Митька внимательно слушал героя, оказавшегося в самом пекле того боя, и горящими глазами рассматривал, пытаясь вспомнить, не видел ли его рядом с собой во время атаки противника. Но понять это было сложно, так как голова Яшки была перебинтована, а лицо сильно испорчено свежими шрамами.
— Энто да, досталось нашему корпусу, — согласился Митька с Яшкой.
— А всё из-за сволочюги Епанчина, — взорвался ругательством Яшка. — Столько хлопцев положил, и бой чуть не просрали. Погнали нас на убой в угоду генералов да полковников. Чтобы крестов они себе поболе навешали.
— Тише ты, Яшка!
— А что тише-то, Митюха? Я их не боюсь. Хватит, вдоволь уж в жизни своей набоялся народец наш горемычный. Будет с него, пора уже и голову поднять. Эх, Митька-Митька, в том-то и беда вся наша. Всё боимся правду смолвить, сами себя защитить боимся.
И всё-таки понизив голос, Яшка сказал Митьке:
— Ведь знал штаб корпуса, что наша сороковая, соседняя слева, дивизия опоздала на целый переход, и там, где они должны были быть, получилась дыра. Знали и не предупредили об этом.
— Брешишь! — возмутился Митька.
— Собака брешет, а я верно говорю. А немцы-то знали, вот и двинули нам в тыл.
И уже совсем тихо Яшка добавил:
— Измена.
— Ну, будя брехать, — снова возмутился Митька. — Что по дурости нашей россейской ещё поверю, а, чтоб измена… Брехня.
— Не слушай его парень, — сказал раненый боец, услышавший их разговор. — Не было никакой измены. А ты Яшка не мели чего не знаешь. На моих глазах дело было, когда адъютант полковнику нашему Комарову о движении немцев докладывал. А тот ему в ответ, какие, мол, немцы, что вы? Это же, говорит, наша сороковая дивизия. Ну, а уж, как немцы открыли огонь из своих орудий и пулеметов в тыл и фланг, тут же спохватились, да только поздно было.
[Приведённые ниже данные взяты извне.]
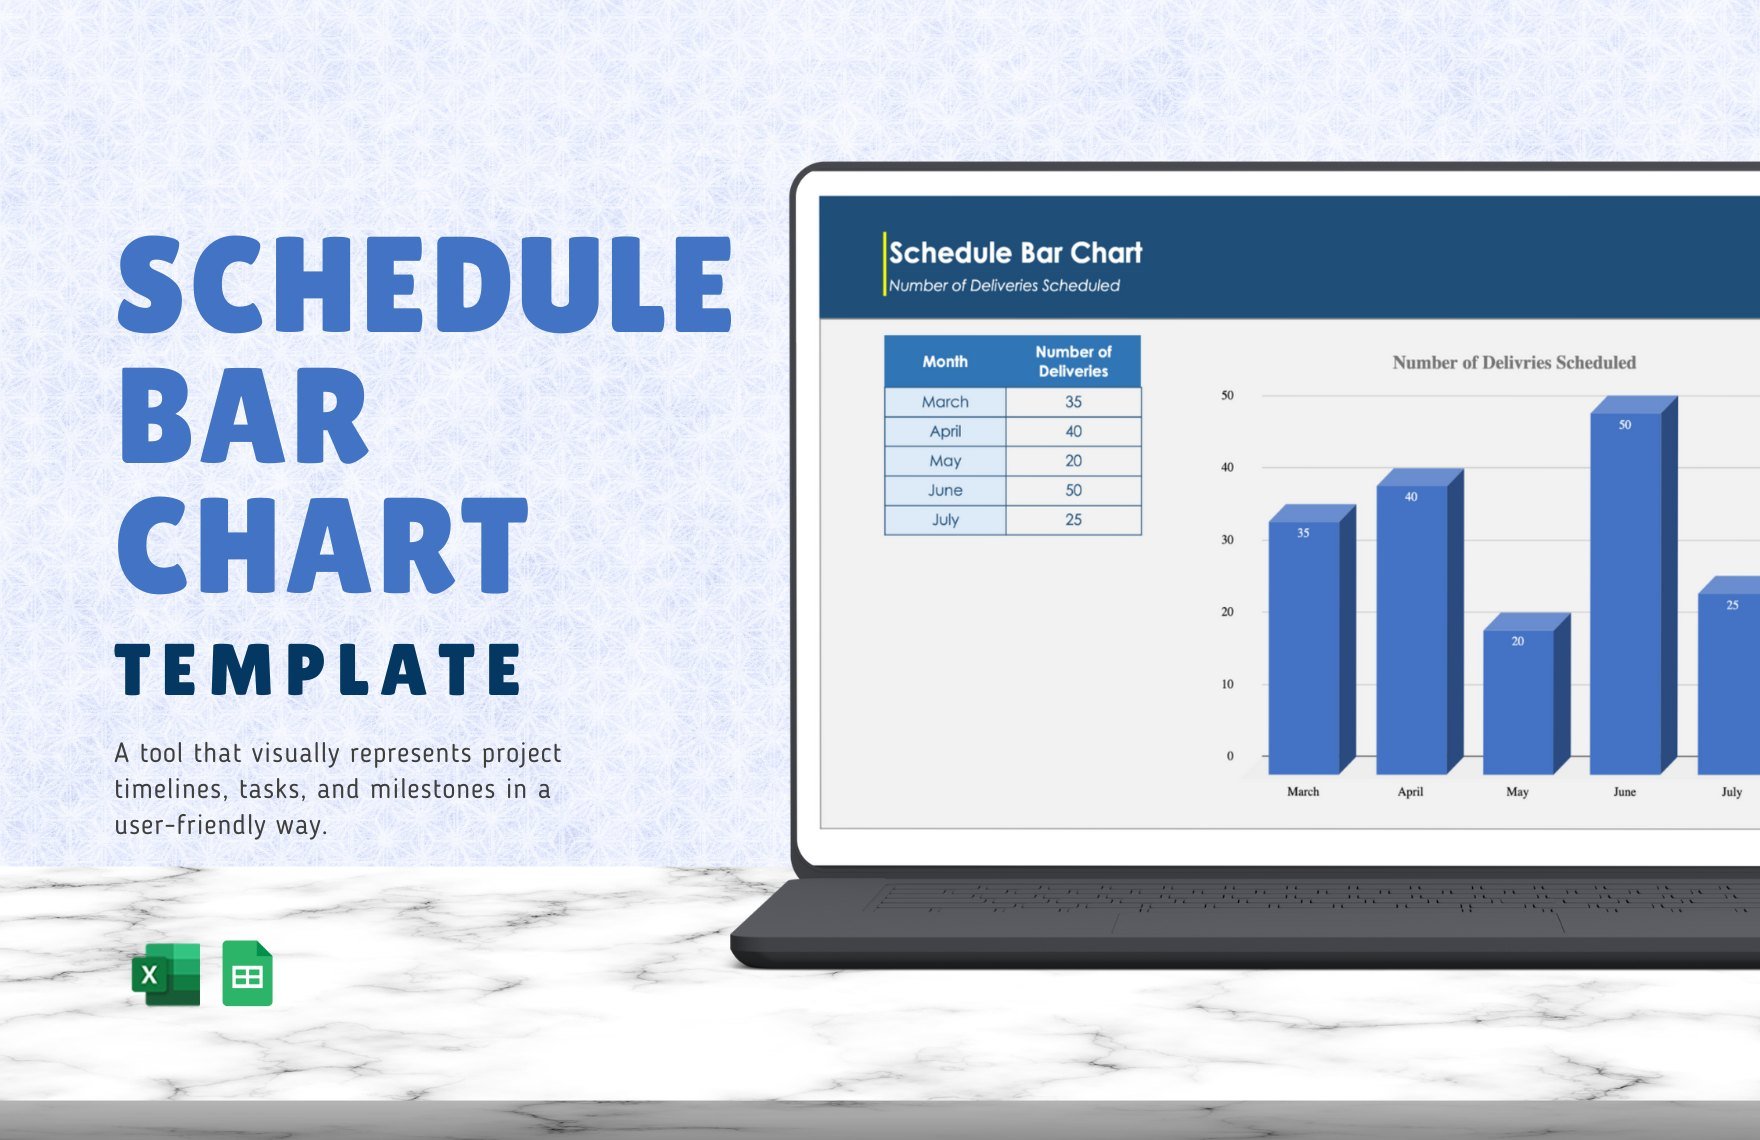 Schedule Bar Chart Template in Excel, Google Sheets

Полк-то уж дрогнул.
И немного помолчав, боец сказал:
— Митька прав, дурость это наша россейская, расхлябанность, шапкозакидательство. Огонь получился близкий, потому и страшный такой. Отступали в беспорядке. И Комаров наш, наивный, только и успел крикнуть: «Знамя! Знамя! Спасайте знамя!». И сам пал, продырявленный пулями пулемёта. Вот так. И знамя мы вынести все же успели.
— Вот видишь, Яшка, — обрадовавшись этим словам, сказал Митька. — Никакой измены не было.
— Знамя-то вы вынесли, а народу сколько полегло, — нервно ответил Яшка. — А кто не полёг, так те в плен сдались. Посчитай, таких большая часть полка.
— Может, и сдались, да только ведь в окружение попали, — снова не согласился с Яшкой боец. — Да, и пленные будут и убитые, потому как война это, а не казаки-разбойники.
— А, всё одно, — не унимался Яшка. — Всё из-за этих сволочей, крыс штабных. Срать им на нас! Поубивали и ладно, Русь большая, других пришлют. Мы для этих генералов не люди, так, говядина, пушечное мясо. Ведь полк наш, как формировали? В три дня мобилизовывали. Пополняли местными запасными из гор.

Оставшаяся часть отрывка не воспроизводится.